“Dan kandidat lain untuk menjadi raja, aku mencalonkan diriku sendiri,” ucap Leiz dengan lantang.
Sorakan pendukung Leiz terdengar riuh memenuhi ruangan, hanya sebagian kecil saja yang tetap diam. Mereka diam-diam memihak kubu yang lain.
“Tuan Leiz, kita memilih raja bukan berdasarkan suara, tapi kepantasannya,” sela Razen hingga suara sorakan tiba-tiba menjadi hening.
“Apa maksudmu, Jenderal Razen?” Mata Leiz menatap Razen seakan ingin menembus jantungnya dan menghakimi pria ini yang telah berani bersuara.
Semua mata kini memandang Razen yang sengaja membuat perselisihan dengan Penasehat Kerajaan Leiz Schwarz. Mereka menunggu penjelasan dari Razen.
“Pangeran Yuan, dia pantas menjadi raja, bukan Anda, Tuan Leiz Schwarz,” ucap Razen dengan berani mendekat ke arah podium supaya terlihat jelas oleh seluruh tamu undangan. “Karena dia memiliki kemampuan yang sudah kita tunggu selama ini, kekuatan pemurnian,” lanjut Razen dengan lantang sehingga semua orang mendengar dengan jelas ucapannya.
“Lalu bagaimana dengan statusnya, Jenderal Razen?” balas Leiz dengan sinis. Kali ini Leiz memiliki kartu as untuk menjatuhkan Yuan.

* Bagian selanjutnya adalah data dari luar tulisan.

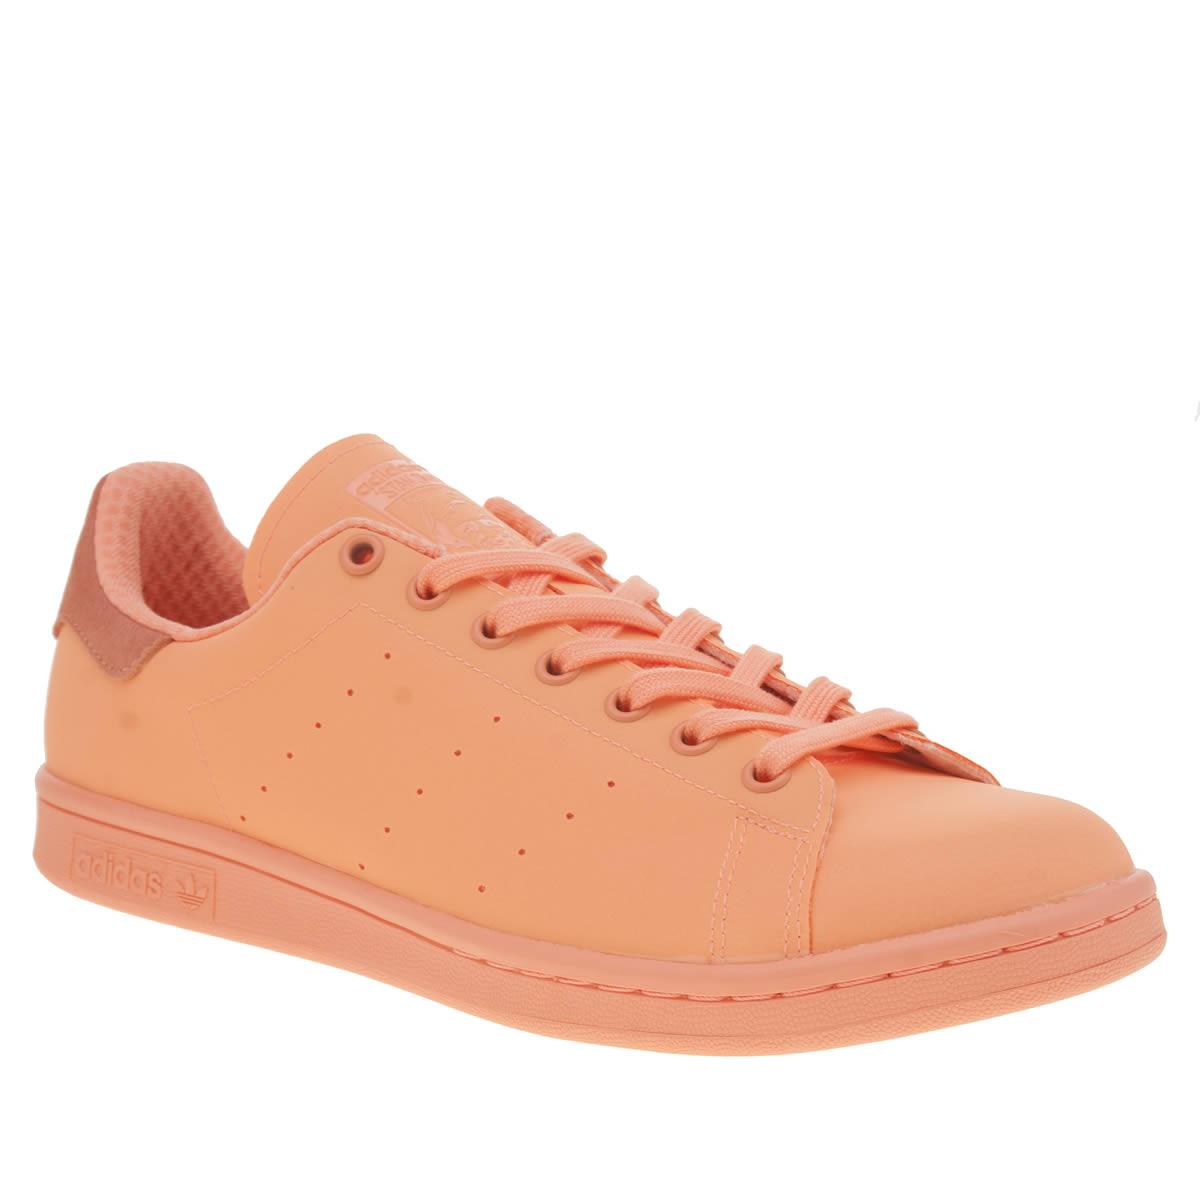 adidas originals stan smith 2 mens Orange

Statusnya sebagai pangeran dari dunia atas pasti tidak akan diterima oleh penghuni dunia bawah.
Razen terdiam, tubuhnya sedikit bergetar, mau tidak mau dia harus mengatakan yang sebenarnya. “Dia memang anak yang berasal dari dunia atas,” ucap razen dengan napas memburu dan berharap suaranya tidak ikut bergetar.
Leiz tersenyum penuh kemenangan, dia sudah tahu bagaimana akhir dari pemilihan hari ini. Dia yakin kedudukannya kali ini sudah pasti diperoleh ditambah dirinya berpura-pura saat peperangan berlangsung. Dia merasa menjadi korban Raja Kegelapan yang begitu bengis, dia bersandiwara jika dirinya diperalat oleh sang raja.

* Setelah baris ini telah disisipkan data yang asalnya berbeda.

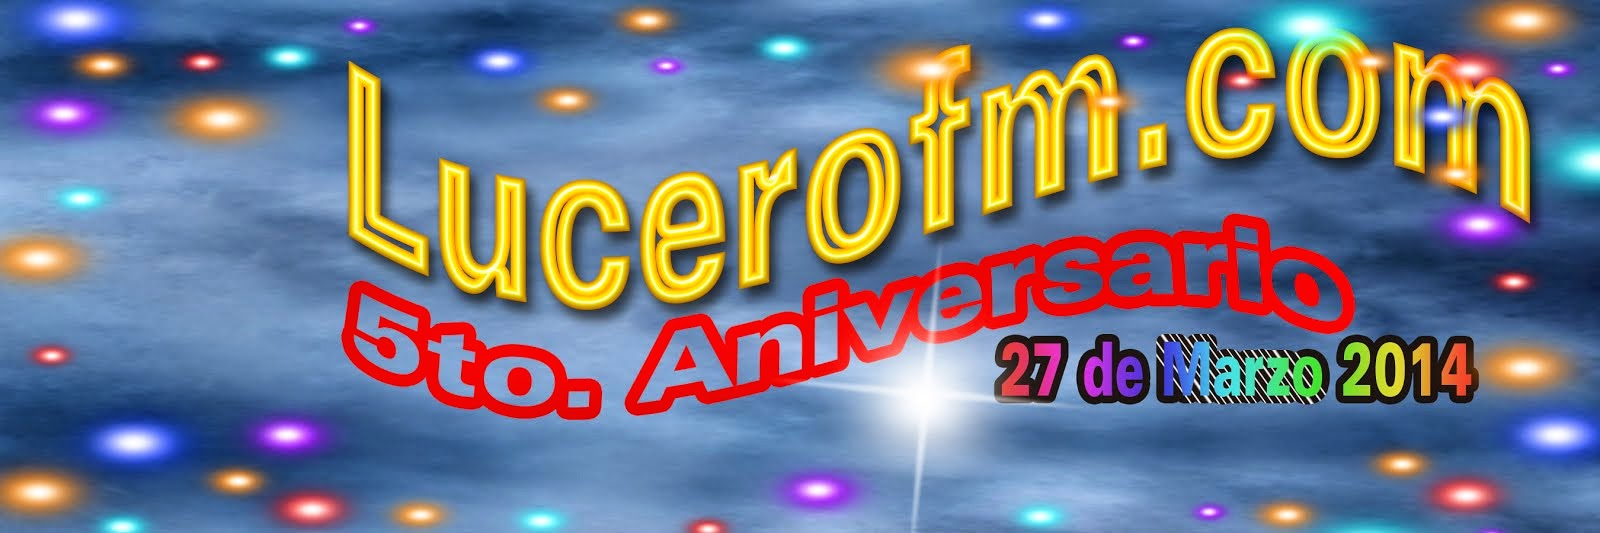 Lucerofm
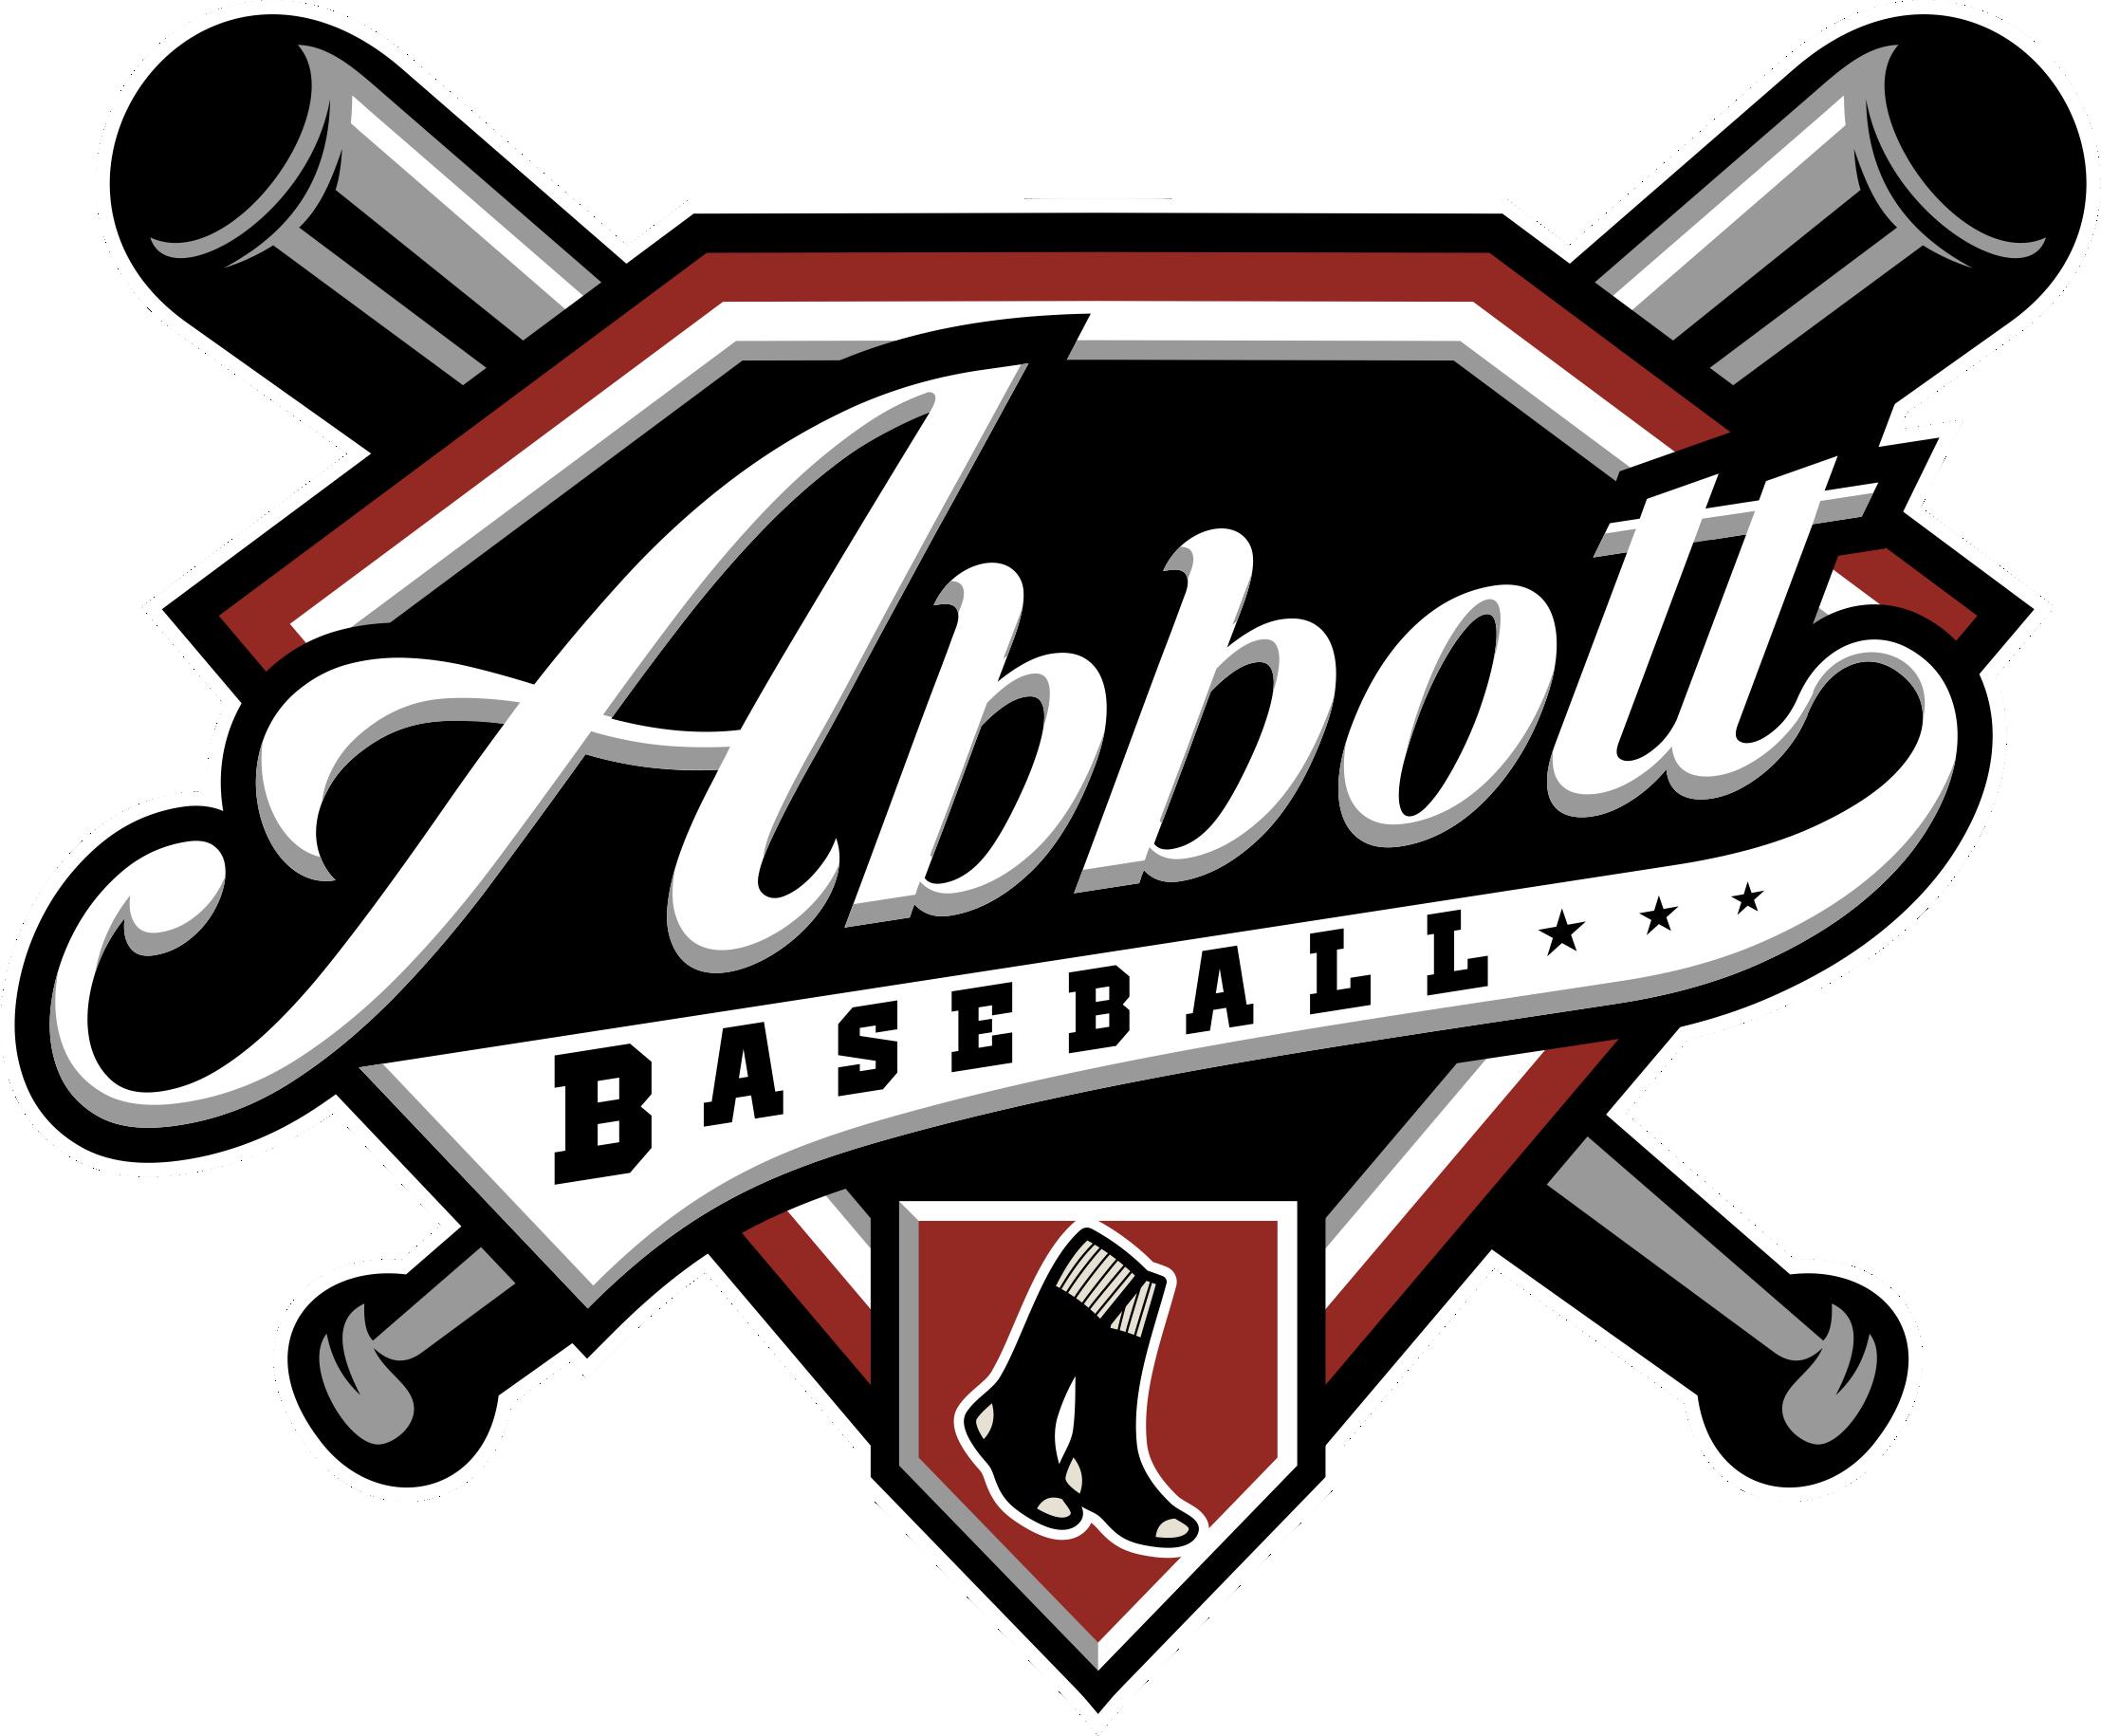 Design a unique vintage/ throwback logo for baseball team

Sementara itu perdebatan kecil terjadi. Mereka yang terlahir di dunia atas akan mendapatkan kebencian dari semua makhluk dunia bawah. Kejadian ratusan tahun yang lalu karena seorang anak yang terlahir di dunia atas dan juga kepergian Raja Veer yang memilih meninggalkan rakyatnya demi seorang wanita dunia atas membuat mereka semakin membenci makhluk yang berkaitan dengan dunia atas.

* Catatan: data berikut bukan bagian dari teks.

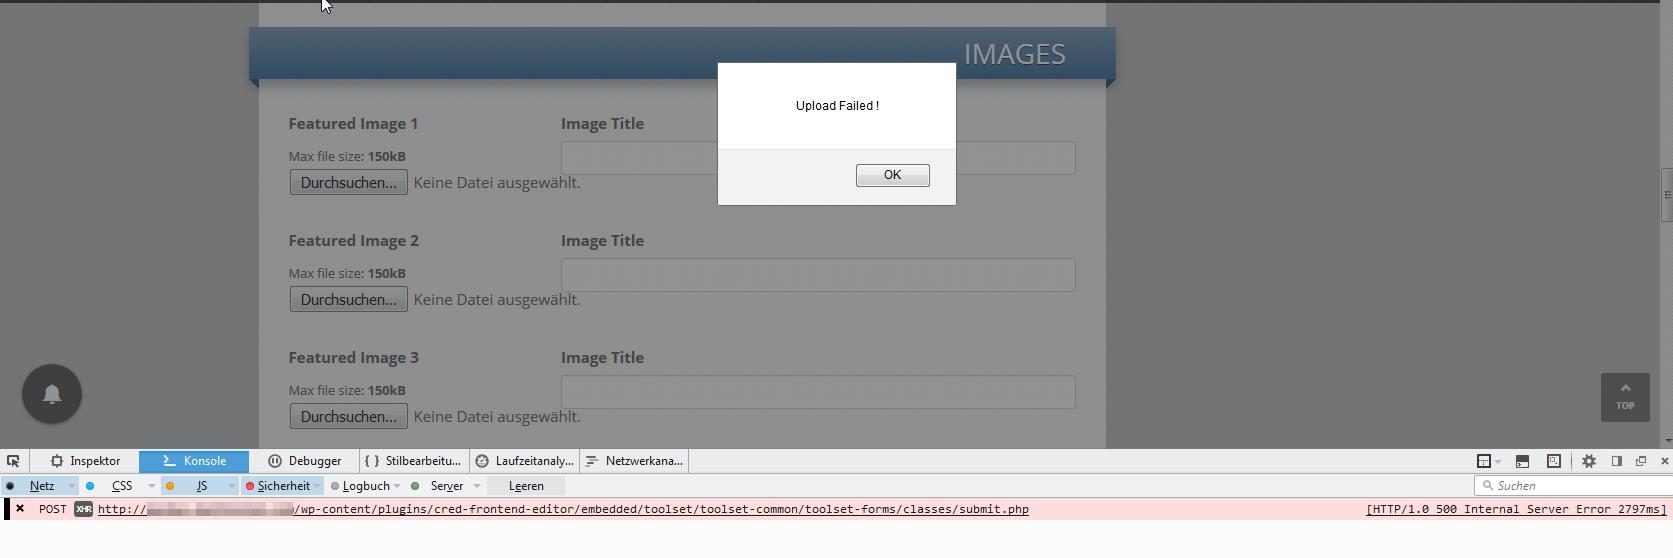 File upload not working: 500 internal server error on custom
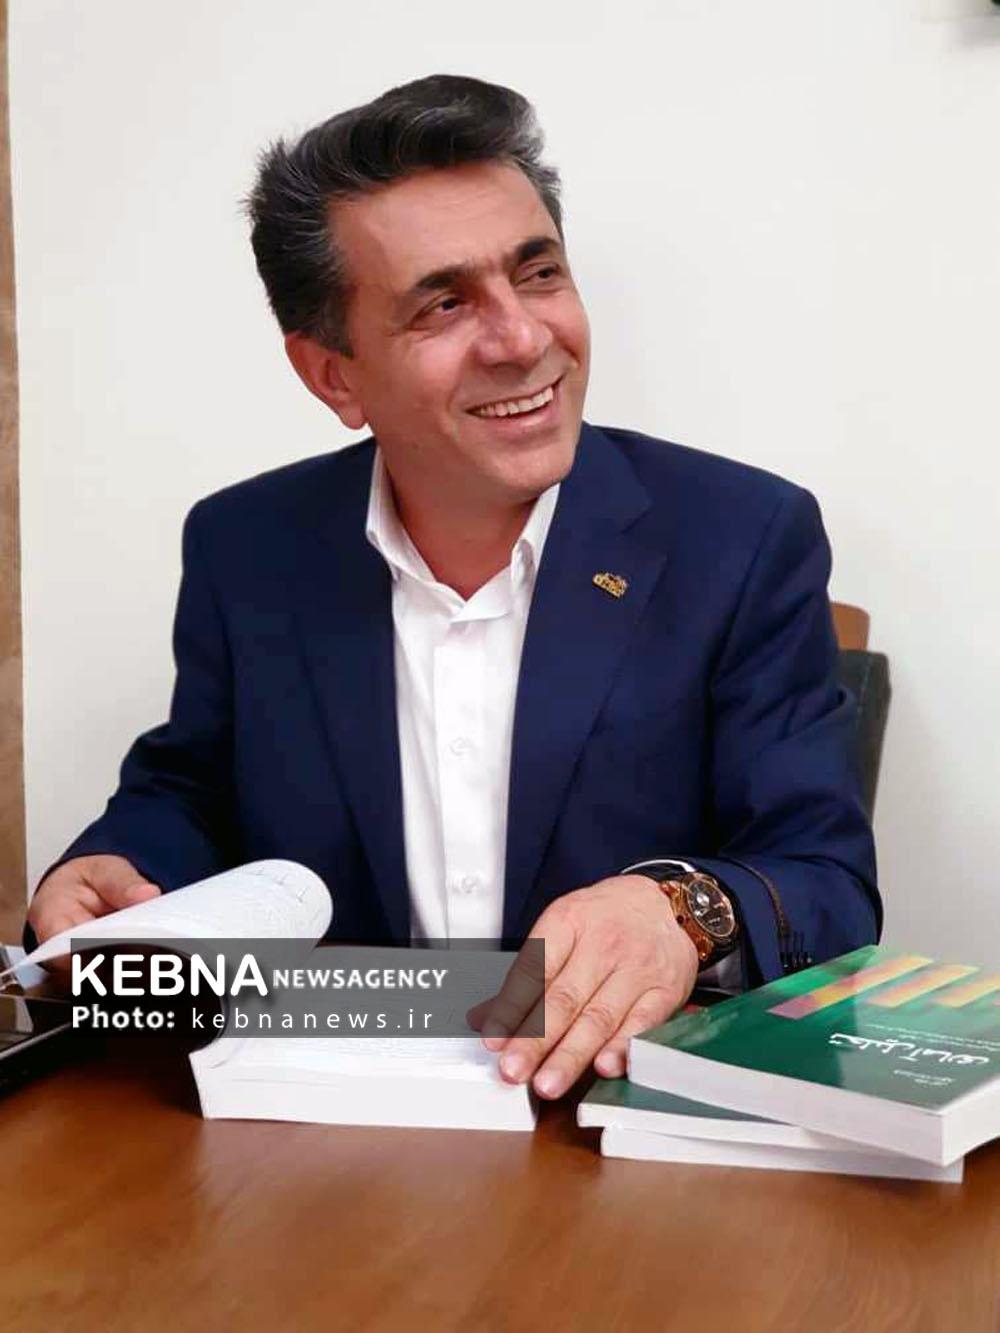 http://www.kebnanews.ir/images/docs/files/000410/nf00410557-1.jpg

“Suruh dia kembali ke dunianya!”
“Turun!” teriak salah satu dari tamu undangan.
“Makhluk dunia atas tidak pantas menjadi raja kami!”
“Ya benar!” Serempak mereka membuat paduan suara menolak keberadaan Yuan.
Teriakan demi teriakan mulai riuh dan keributan pun terjadi. Semua orang menolak Yuan sebagai kandidat raja baru. Alasannya sangat jelas karena dia berasal dari dunia atas. Razen yang berusaha memberitahukan fakta tentang kekuatan Yuan tidak didengar sama sekali.
“Dengar, kalian lihatlah, aku dulu terkintaminasi hingga berubah menjadi monster, apa kalian lupa?!” teriak Razen. Suaranya mulai serak menyuarakan pendapatnya yang terus dibantah oleh yang lain.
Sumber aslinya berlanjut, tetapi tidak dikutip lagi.